Fecal transplants can be life-saving for people with stubborn bacterial infections, but they’re not for the faint of heart. So doctors have come up with a way to make them more palatable – the frozen poop pill.
People infected with Clostridium difficile suffer debilitating diarrhea, but the bug often defies antibiotics. Doctors have recently discovered that a fecal transplant will restore good gut bacteria that banishes the C. diff. But the procedure is awkward, requiring a donation of fresh feces, usually from a relative, and a colonoscopy to deliver it.
A pill wouldn’t require invasive procedures, the researchers speculated, and would be less likely to cause vomiting. And if they froze they pills, donors wouldn’t need to be standing by.
To test that hypothesis, the researchers got donations from young, healthy volunteers screened to make sure they didn’t have HIV, hepatitis or other infectious diseases. They froze the material and waited four weeks to test the donors again. Once the donors got a clean bill of health, pill production began.
By now you’re probably wondering what a poop pill looks like.
“When I first started doing this I had in my mind that it would be a little red-and-white banded capsule, like a Tylenol capsule,” Hohmann says. “That was my dream.” But alas, the capsules had to be acid-resistant so they could make their way past the stomach into the large intestine, where the good microbes work their magic.

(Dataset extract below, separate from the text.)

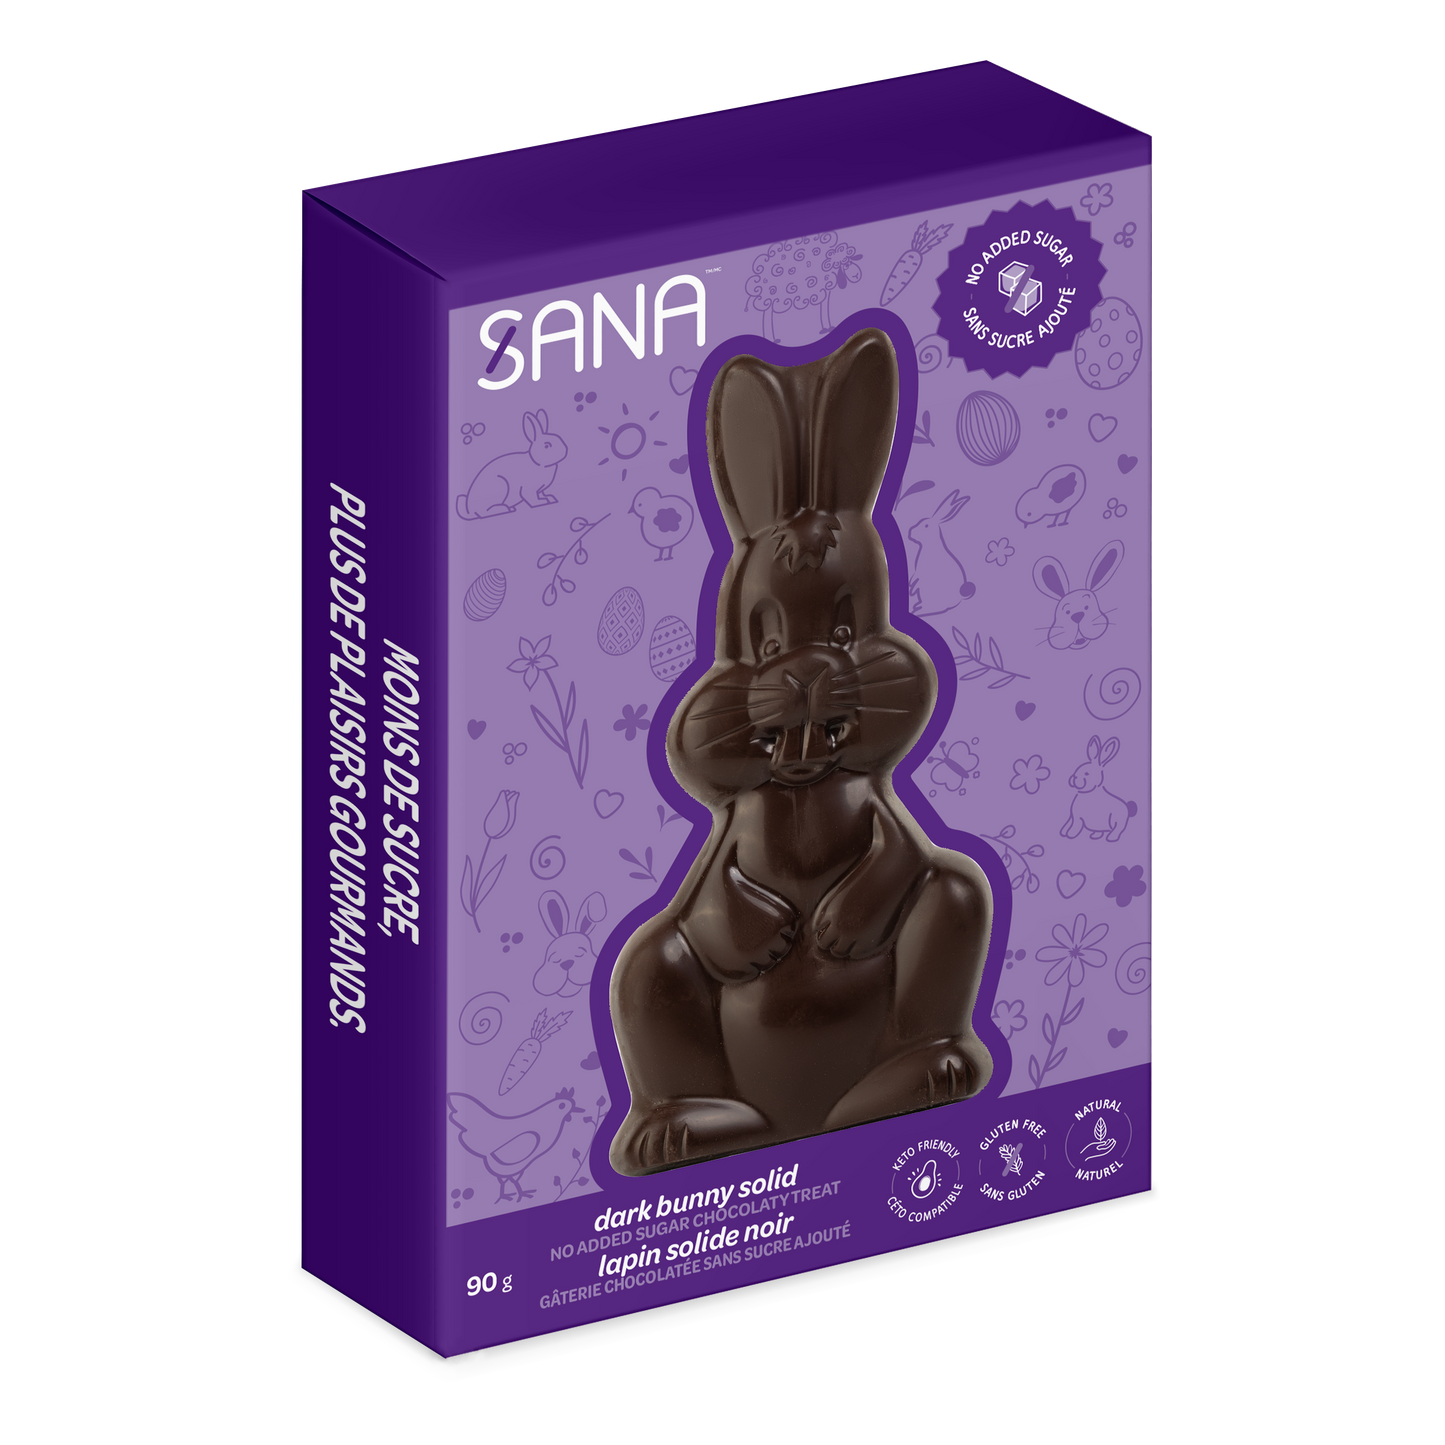 Dark chocolaty Easter bunny - Classic

And acid-resistant capsules only come in translucent. “So they are sort of brownish-colored capsules,” Hohmann says. “Fortunately, because they’re frozen, when you take them out of the freezer they sort of frost up a bit and they’re not too gross.”
Twenty people with recurrent C. diff infections took 15 pills a day, about the size of a large multivitamin, for two days. Fourteen of them were free of diarrhea almost immediately, with no recurrences. The other six tried the treatment again; that did the trick for four of them. The two people who failed to get results were in poorer health overall, the study found. But the treatment worked for people from age 11 to age 89.
The Mass General group has since treated another 21 people with the pills, with similar success. The results were announced Saturday at the IDWeek meeting in Philadelphia and published in JAMA, the journal of the American Medical Association.